*** Dataset excerpt Section Begins ***

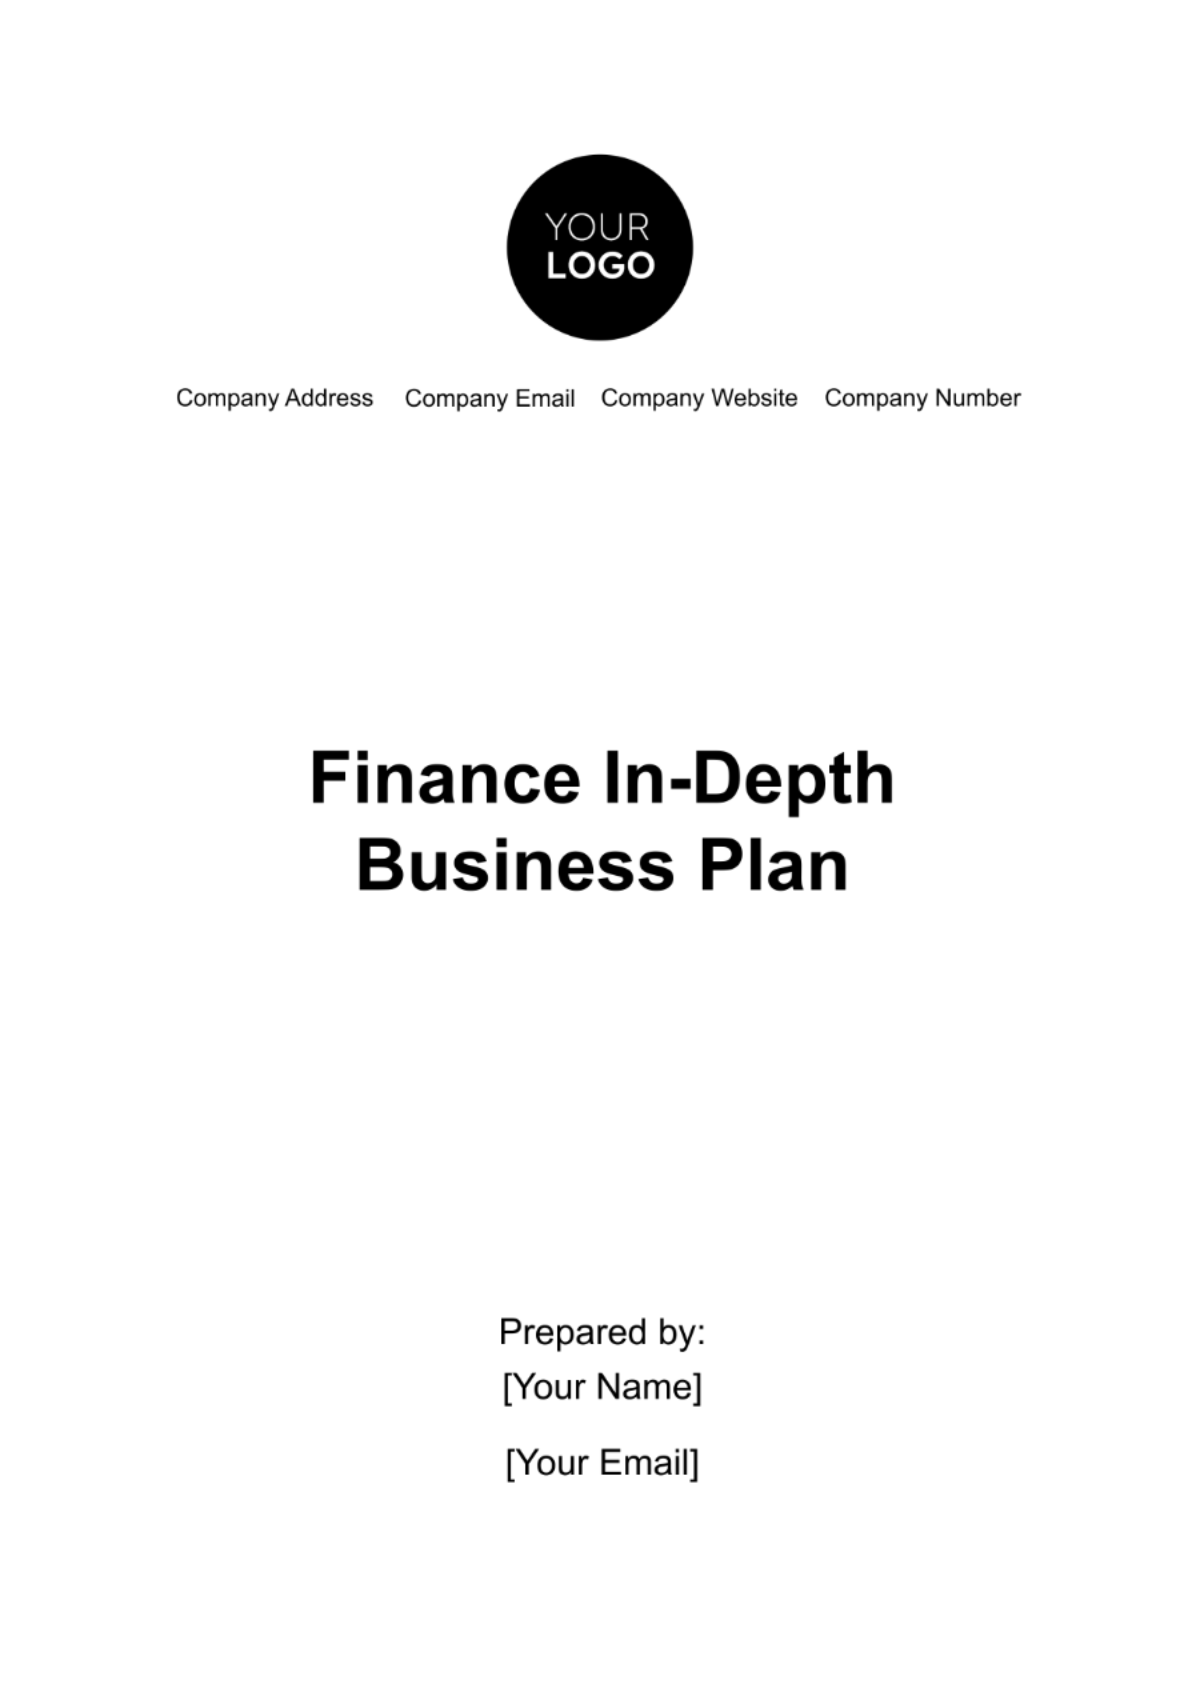 Finance In-Depth Business Plan Template
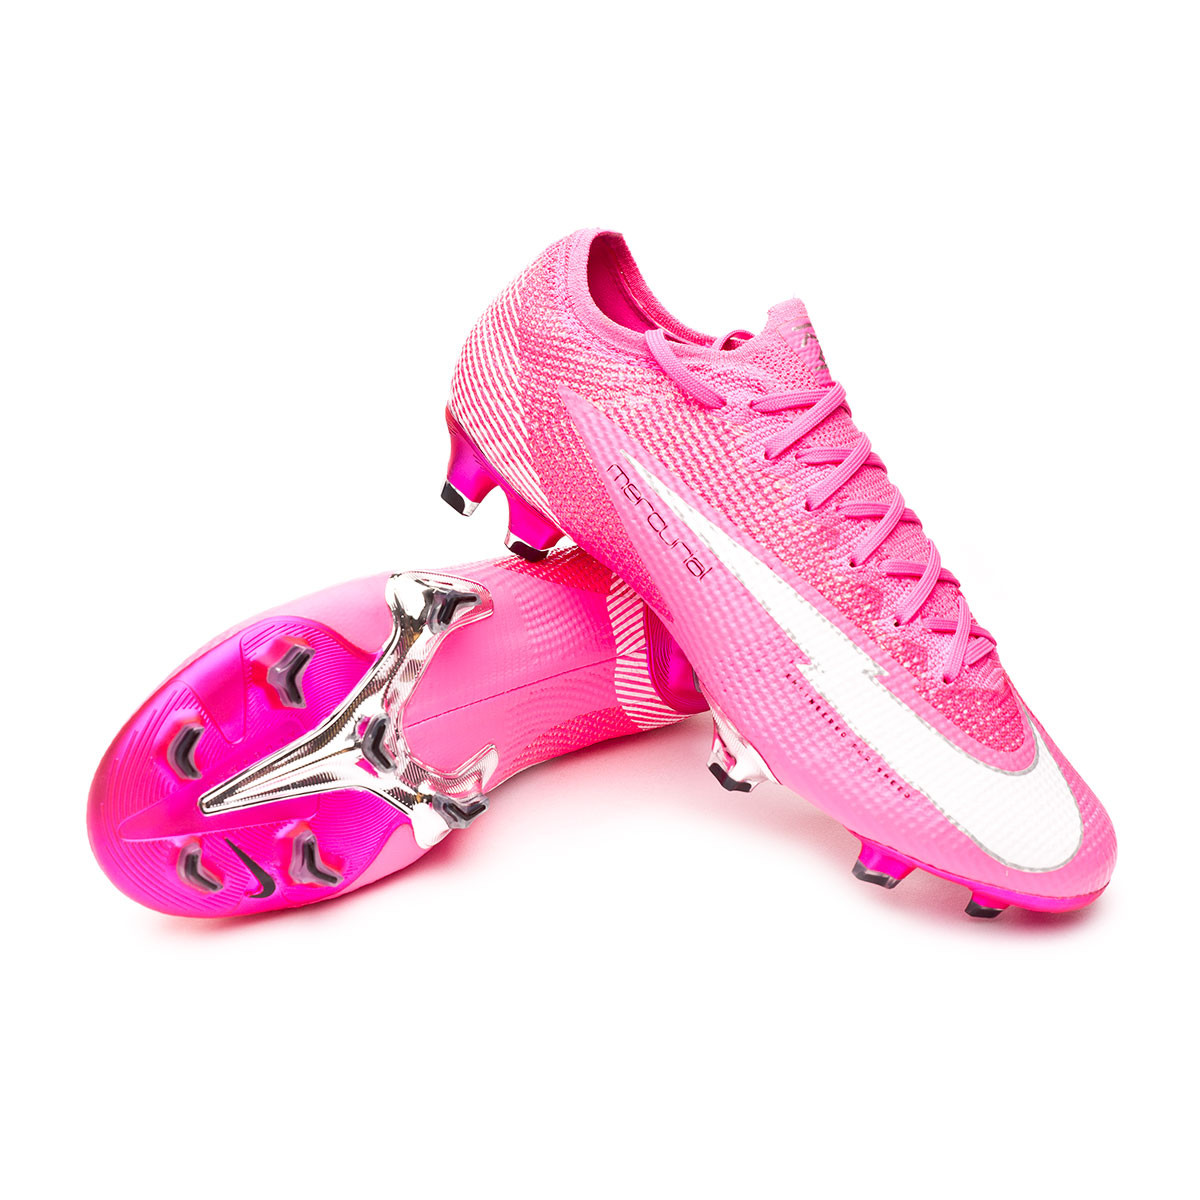 Bota de fútbol Nike Vapor 13 Kylian Mbappé FG Pink - Emotion
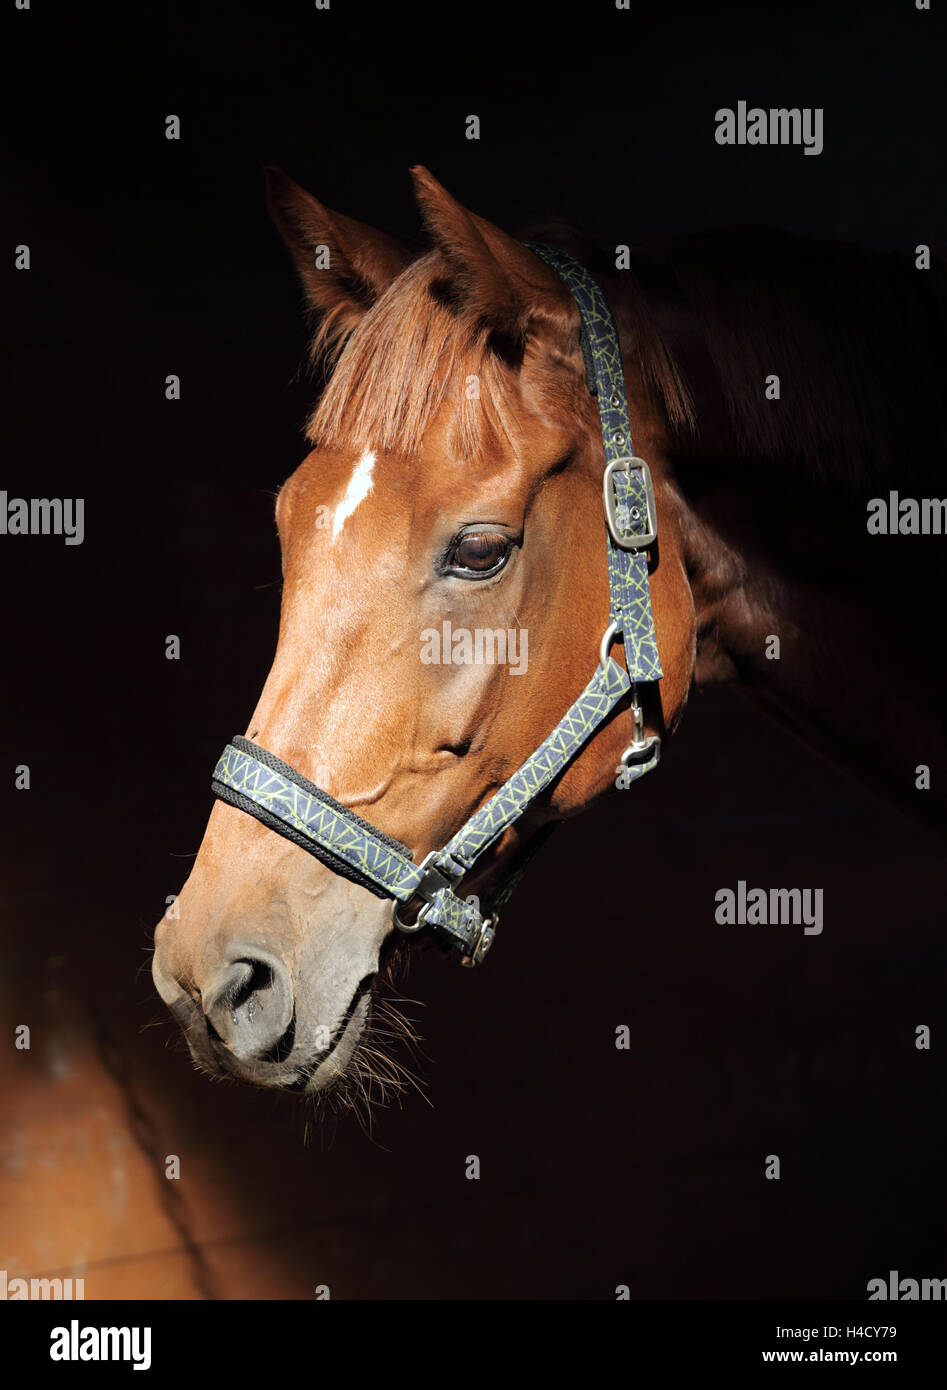 Low key headshot purebred horse in dark stable Stock Photo

*** Dataset excerpt Section Ends ***

**Exercise instructions**
Leaving the pictures aside, repeat the data above exactly.

**Expected answer**
 Finance In-Depth Business Plan Template
 Bota de fútbol Nike Vapor 13 Kylian Mbappé FG Pink - Emotion
 Low key headshot purebred horse in dark stable Stock Photo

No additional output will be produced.